School Buses

While I occasionally rode my bike to Alcott Elementary and Peabody Middle School, the big yellow bus was it. From kindergarten through my senior year in high school, I took the school bus almost every day. In high school, there were two different locations where I could catch the bus—the corner of Elm and Wood meant I had to be there by 7:00 a.m., but the corner of Wood and Nashoba Road gave me an extra 30 minutes to get my act together at home.  

Still, I usually preferred the early—and first—pickup because it offered a choice of seats. Toward the back was where you wanted to sit in the winter so you could be near the heater that wheezed and groaned to keep us warm. The very back was a crowd favorite if you liked the extra bounce going over the speed bumps in the school driveways—that got old once we got old. Getting on first also meant that you didn’t need to find someone willing to let you sit with them—children on school buses are just as bad as adults on Amtrak who stack the empty seats with books or bags while feigning sleep or looking away.  

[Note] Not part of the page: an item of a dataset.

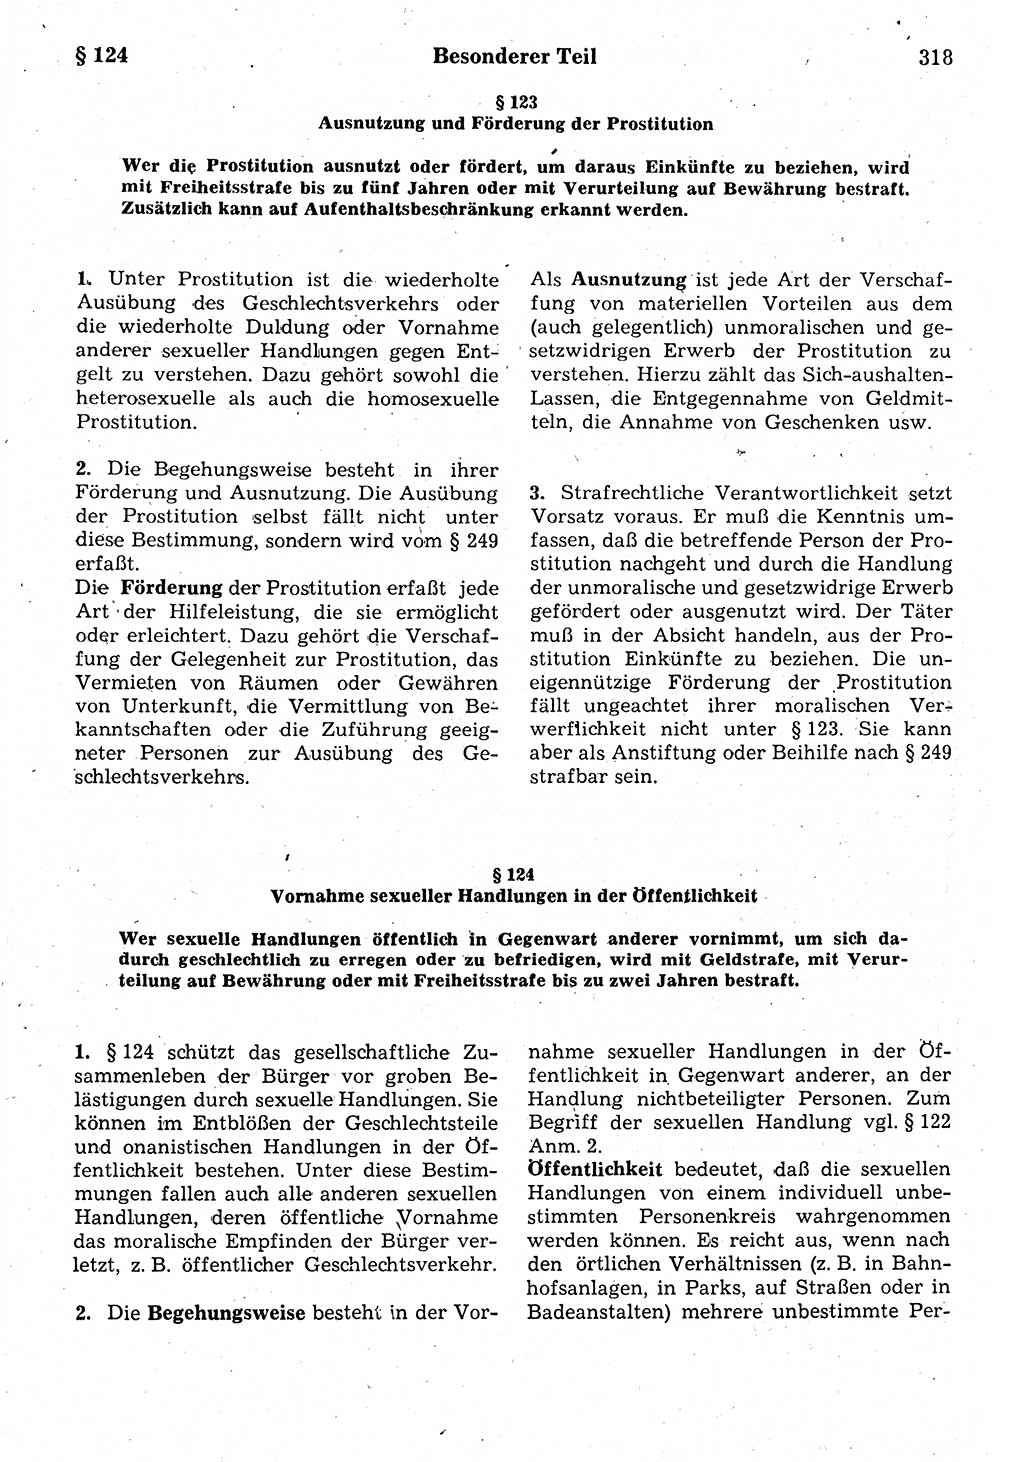 Strafrecht der Deutschen Demokratischen Republik (DDR), Kommentar zum Strafgesetzbuch (StGB) 1987, Seite 318 (Strafr. DDR Komm. StGB 1987, S. 318)

Daily trips to and from school on “Big Bertha,” as Mr. Curran, the transportation director, called them, provided ample time for us to misbehave. We got to meet him when he would climb onto our bus to remind us about the proper way to sit and act on one of his vehicles. He was a mountain of a man, and he rarely had to repeat himself. Headphones and smartphones weren’t a thing, so sitting with our two feet on the floor and watching the world go by was what he expected of us—a high bar for fidgety school children. 

About a week ago, I saw a school bus while running an early-morning errand. It shouldn’t have been particularly noteworthy, but then it hit me that I hadn’t seen one in over a year. Rather than nostalgia, I realized I felt a sense of relief—relief that the familiar rhythm of the school year was returning, even if it was already April. 

These past thirteen months have been anything but normal, and these ‘first’ days as we have reopened and expanded our on-campus offerings have felt both ordinary and surreal—the competing harmonies of student and teacher voices filling the nooks and crannies of our buildings again. Parents are racing back to campus to drop off forgotten lunches and musical instruments, and misplaced sweatshirts have sprouted like spring flowers across the campuses. We have done a lot of watching the world go by over the last year and wondering when it would slow down enough for us to match its rhythm and step on. We will never take these days when we come together for granted again, and I hope we will always make space for someone to sit down—our connection to each other is too important.